Ольга Владимировна повесила последний шар и нагнулась к полу, где в коробке из-под сапог ожидала своей очереди разная блестящая мелочь: грибочки, ягоды земляники, сосульки наполовину прозрачные, зеркальные шарики с разноцветными вмятинками, глянцевые пирамидки из разноцветных колец на зажимах, чтобы стояли, а не висели на ветке. Старомодные, трогательные. Их оставила подруга Соня, уезжая из Питера в Калифорнию. Иногда она писала оттуда торопливые письма и присылала яркие фотографии: то на фоне пышного розового куста в своем палисаднике, то на мексиканском пляже под синим-синим небом. А Ольга Владимировна, наряжая елку, всякий раз вспоминала, как ждали они когда-то с Соней разных чудес перед праздником.

Деревце в тепле источало свежий неповторимый аромат. Только раз в году так пахнут елки! Вот еще и Санта-Клаус в красном кафтанчике. Чей-то сувенир, случайный, наверное, студенты подарили.

Теперь самое главное. Из особой коробки достала она скромные бумажные фигурки – ангелов трубящих, вертеп с барашком на переднем плане и гирлянду флажков, на каждом по букве, а вместе слова: «Слава в вышних Богу...» Эти украшения они вырезали из детского набора-самоделки, купленного в церковной лавке. Втроем с дочками-близняшками Верой и Соней собирали, клеили.
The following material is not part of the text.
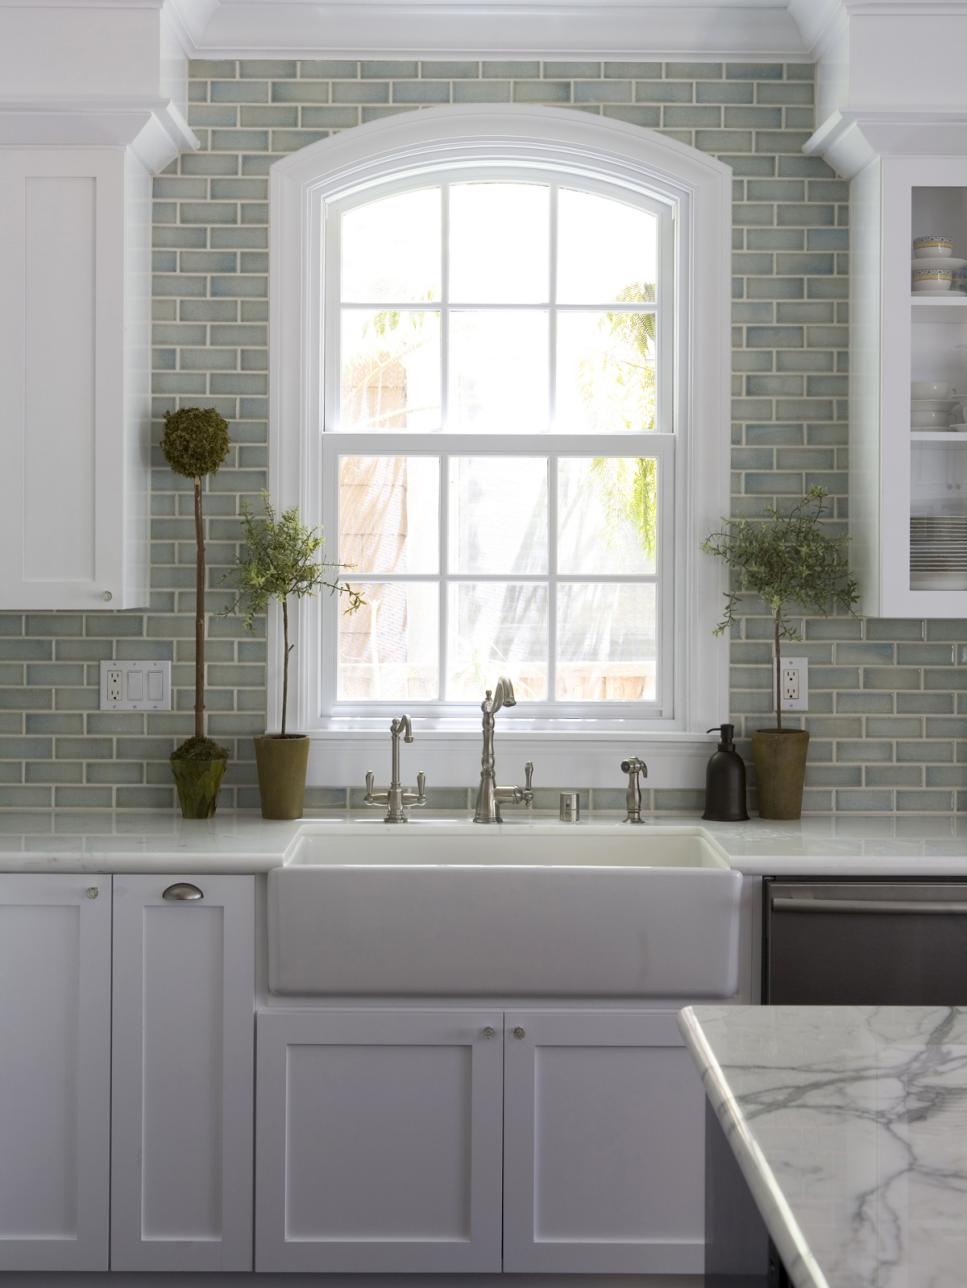 Green Kitchen With White Cabinetry and Subway-Tile Backsplash

Бумага была дешевая, шершавая, блекловатого цвета. Но рисунок изящный. Возможно, выкройка была повторена с какого-то старинного образца. Девочки очень любили эти украшения. Они содержали особый смысл, напоминание, что настоящий праздник будет через неделю.

– Мамуся, кефирчику бы, – послышалось с дивана. Голос, хриплый и виноватый, через минуту молчания робко добавил:

– А еще бы лучше пивка...

Ольга Владимировна молча повесила последний флажок, сложила пустые коробки и поставила их на шкаф. Потом подошла к угловой полочке и затеплила лампаду перед иконой. Трижды перекрестилась и поклонилась, после чего молча приблизилась к столу, где были остатки завтрака, немытые чашки.

– Мамуся, ну что ты злишься, я не хотел... Это все Прокофьев, ты же знаешь, полная квартира народа, как всегда, а у Карпинского драндулет не заводился, пока собрались, пока то да се...

Ольга Владимировна молча убирала чашки и тарелки.

– Молчишь? Так, значит, прощения не жди! Мы так милосердны, так человеколюбивы, – в голосе слышалось какое-то слезное бессильное озлобление.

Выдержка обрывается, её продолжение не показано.